┌──

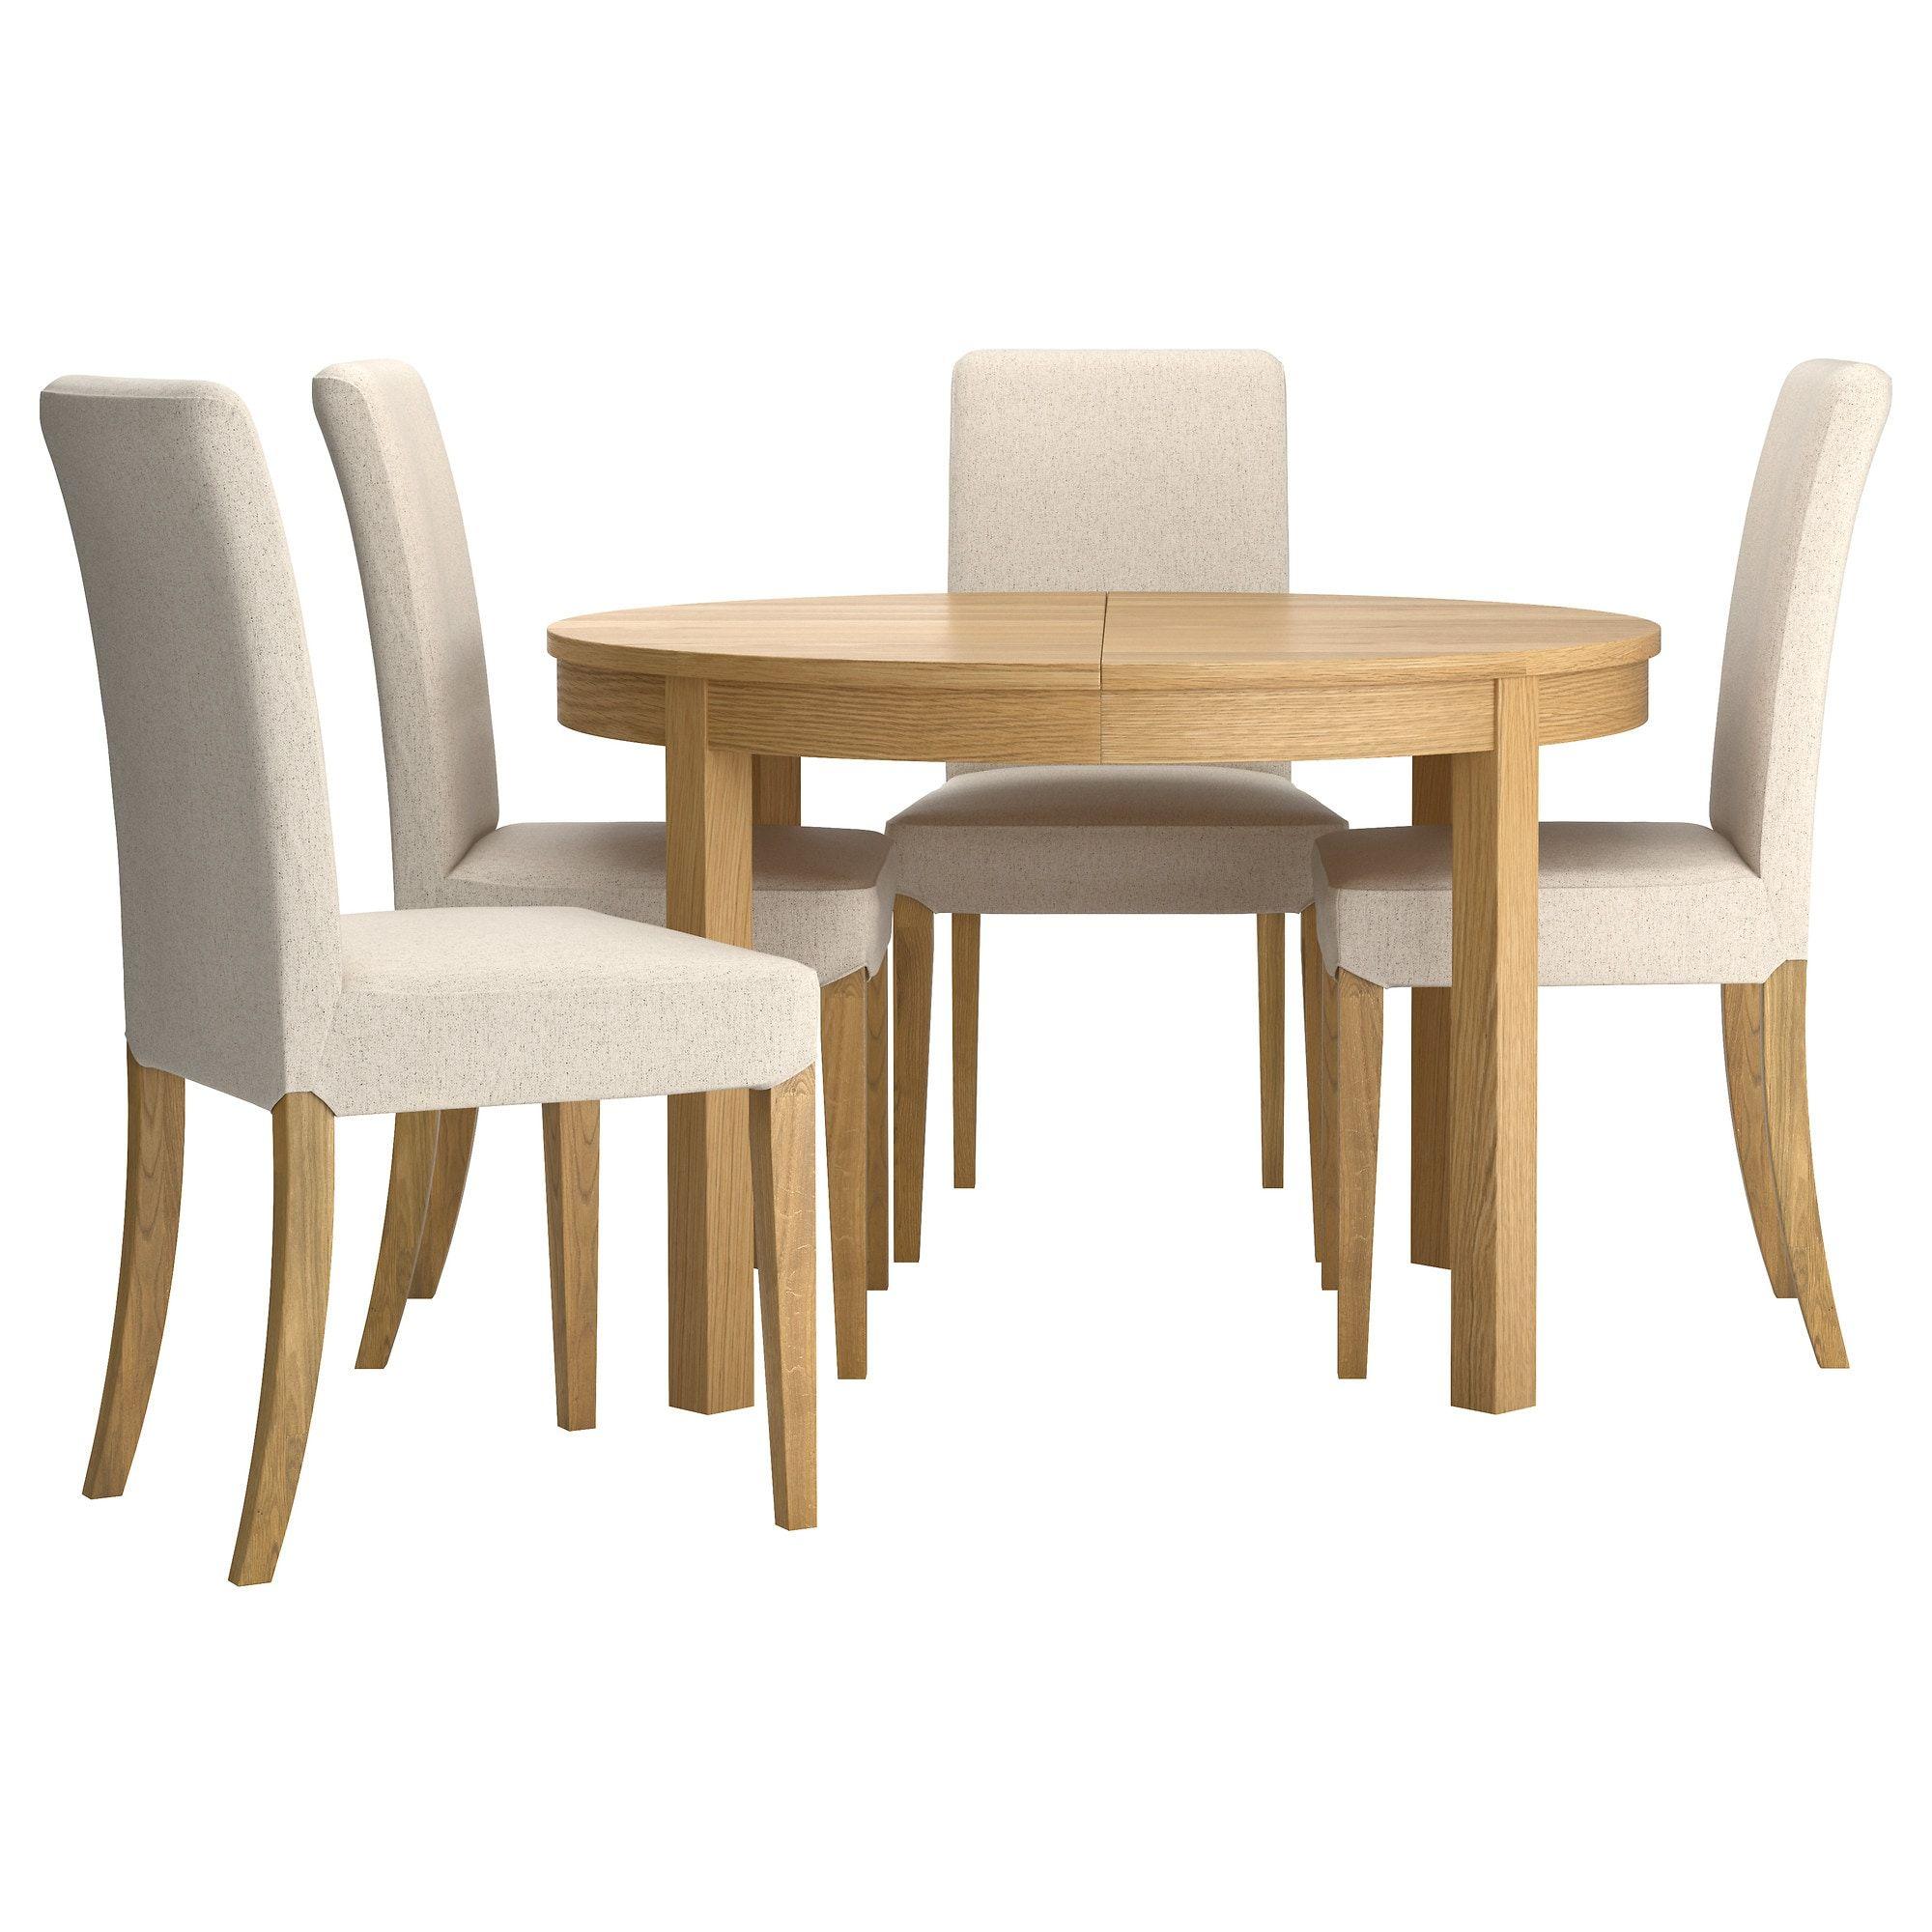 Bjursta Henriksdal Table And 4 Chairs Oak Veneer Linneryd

└──
┌──

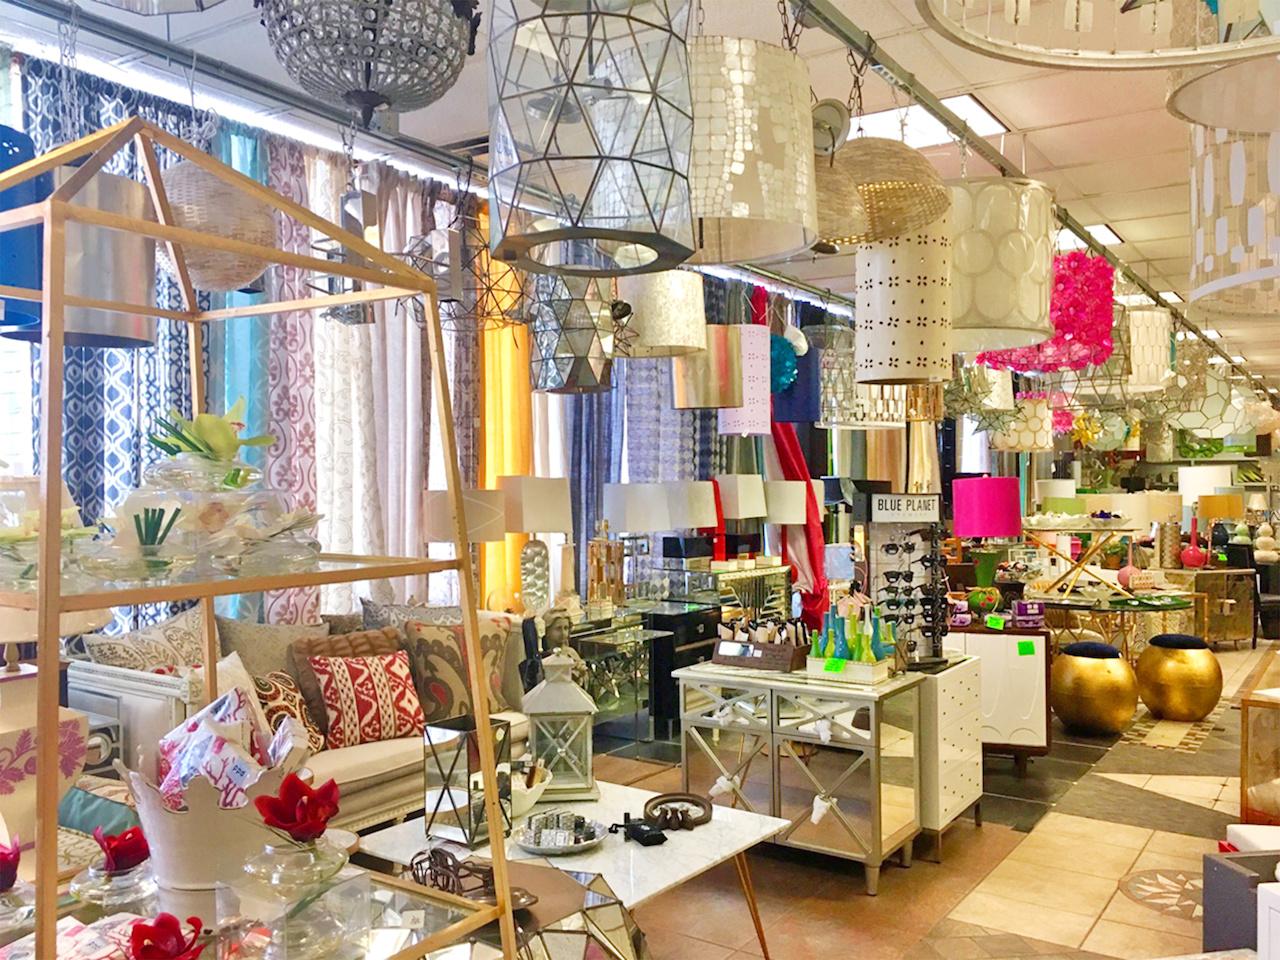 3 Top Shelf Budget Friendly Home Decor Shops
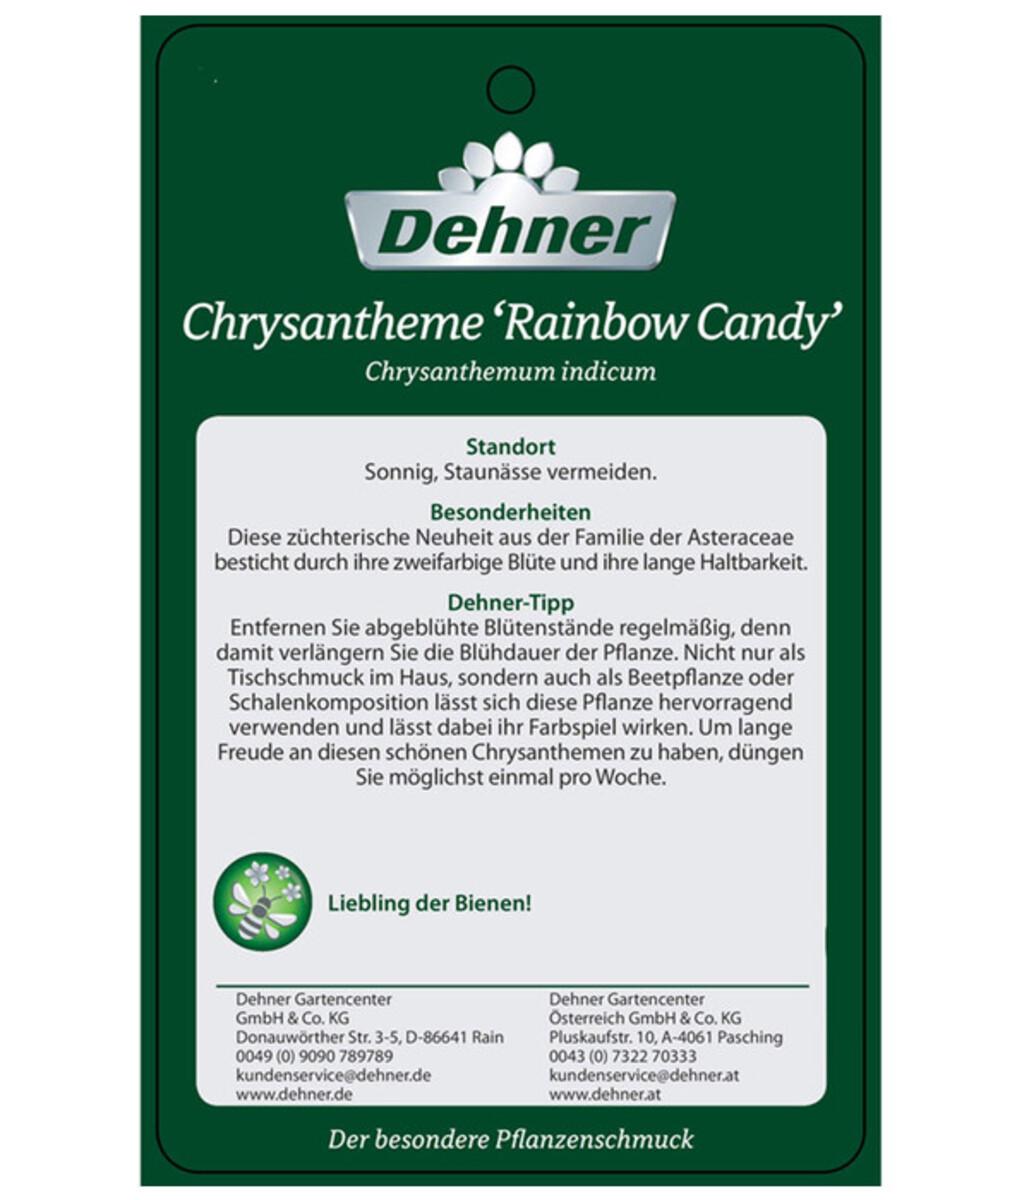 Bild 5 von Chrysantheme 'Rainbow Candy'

└──
┌──

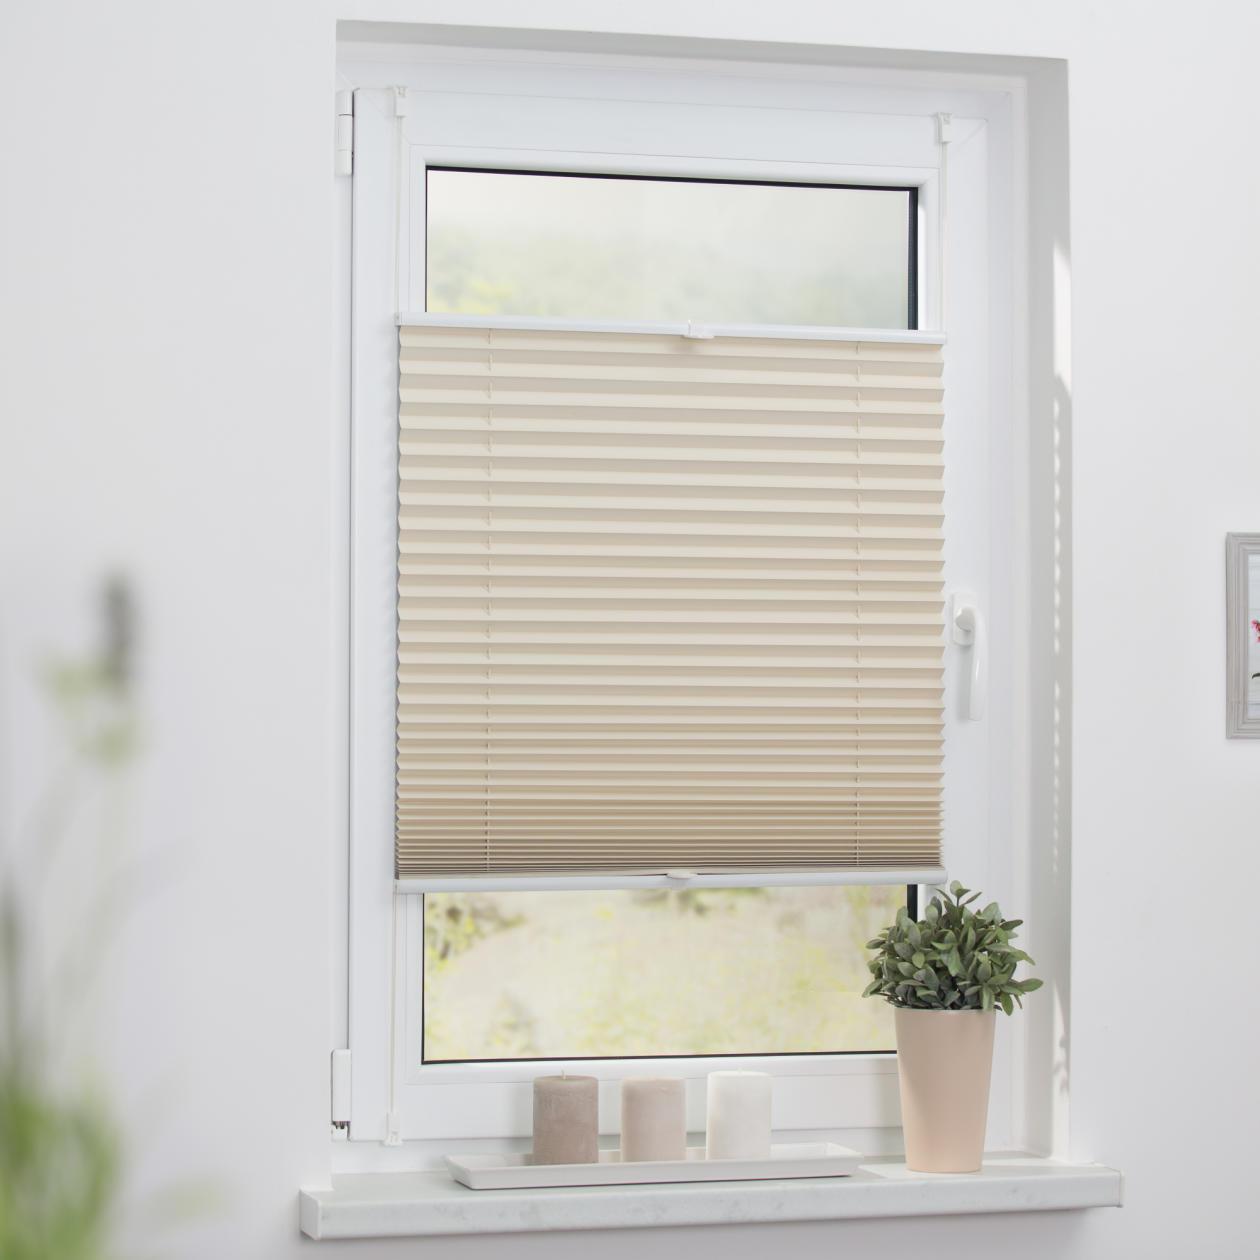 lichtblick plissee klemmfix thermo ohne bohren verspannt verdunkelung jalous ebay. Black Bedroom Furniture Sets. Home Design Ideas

└──

Would you transcribe the lines above exactly, going from the line bearing "3 Top Shelf Budget Friendly Home Decor Shops" through the line bearing "Bild 5 von Chrysantheme 'Rainbow Candy'", and drop the pictures from the copy?

● Written solution:
 3 Top Shelf Budget Friendly Home Decor Shops
 Bild 5 von Chrysantheme 'Rainbow Candy'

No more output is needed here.